1/9/2016 10:59:23 AM

US condemns Israel expanding West Bank settlement bloc
State Department says adjoining compound to Gush Etzion will ‘only make achieving a two-state solution more difficult’
January 9, 2016, 12:53 am


State Department Spokesman John Kirby speaks during the daily briefing at the State Department on January 6, 2015 in Washington, DC. (AFP PHOTO/MANDEL NGAN)


JERUSALEM (AP) — The U.S. State Department on Friday condemned Israel's decision to expand the boundary of an existing West Bank settlement bloc, saying it hinders attempts to reach a peace agreement with the Palestinians.

Israel's defense ministry in late December added a compound in the West Bank to the jurisdiction of the Gush Etzion regional council, near Jerusalem.
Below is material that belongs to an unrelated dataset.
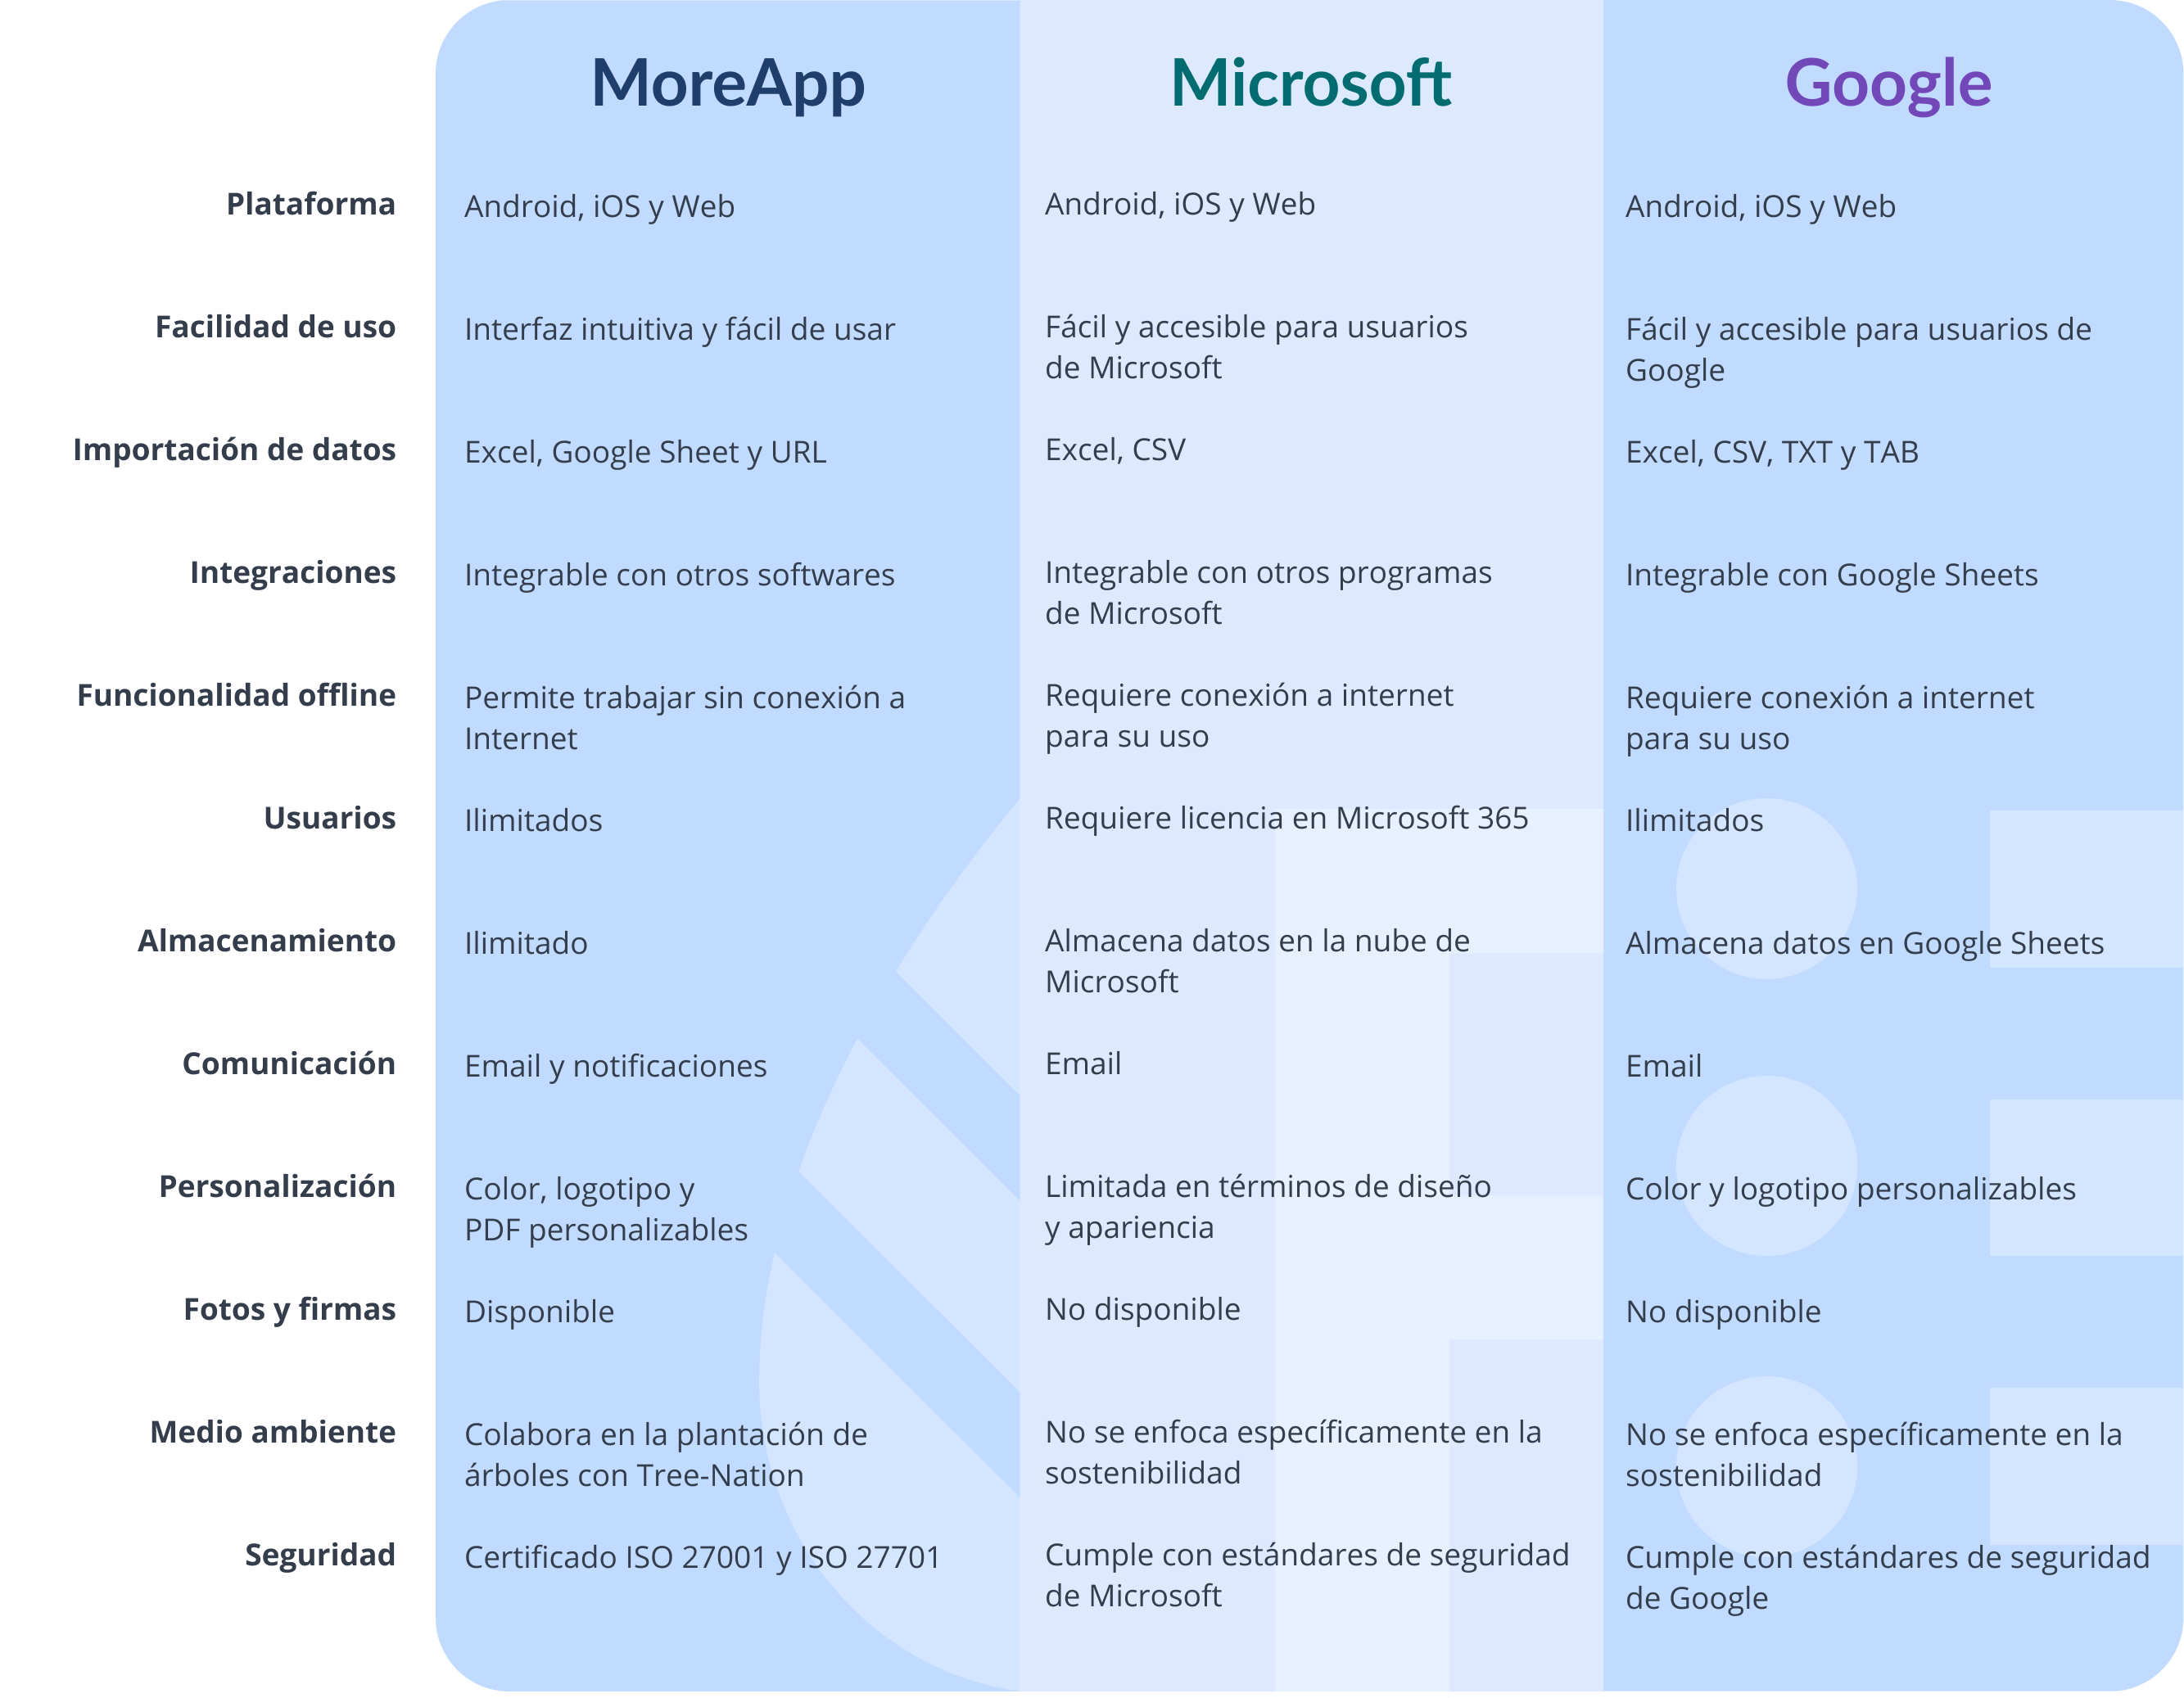 Comparativa entre Plataformas MoreApp

State Department John Kirby said Friday that "continued settlement activity and expansion raises honest questions about Israel's long-term intentions and will only make achieving a two state solution much more difficult." He added that the United States remains "deeply concerned" about the move, "which effectively creates a new settlement on 10 acres in the West Bank."

The Palestinians claim the West Bank, along with east Jerusalem, as parts of their future state. They consider all Israeli construction there to be illegal — a position that is backed by the international community. Israel says settlements along with other core issues like security should be agreed upon in peace talks.

Negotiations collapsed in 2014, in part over the issue of settlements.

The compound at Gush Etzion is located south of a junction that has been scene to multiple attacks by Palestinians against civilians and soldiers over the past three and a half months.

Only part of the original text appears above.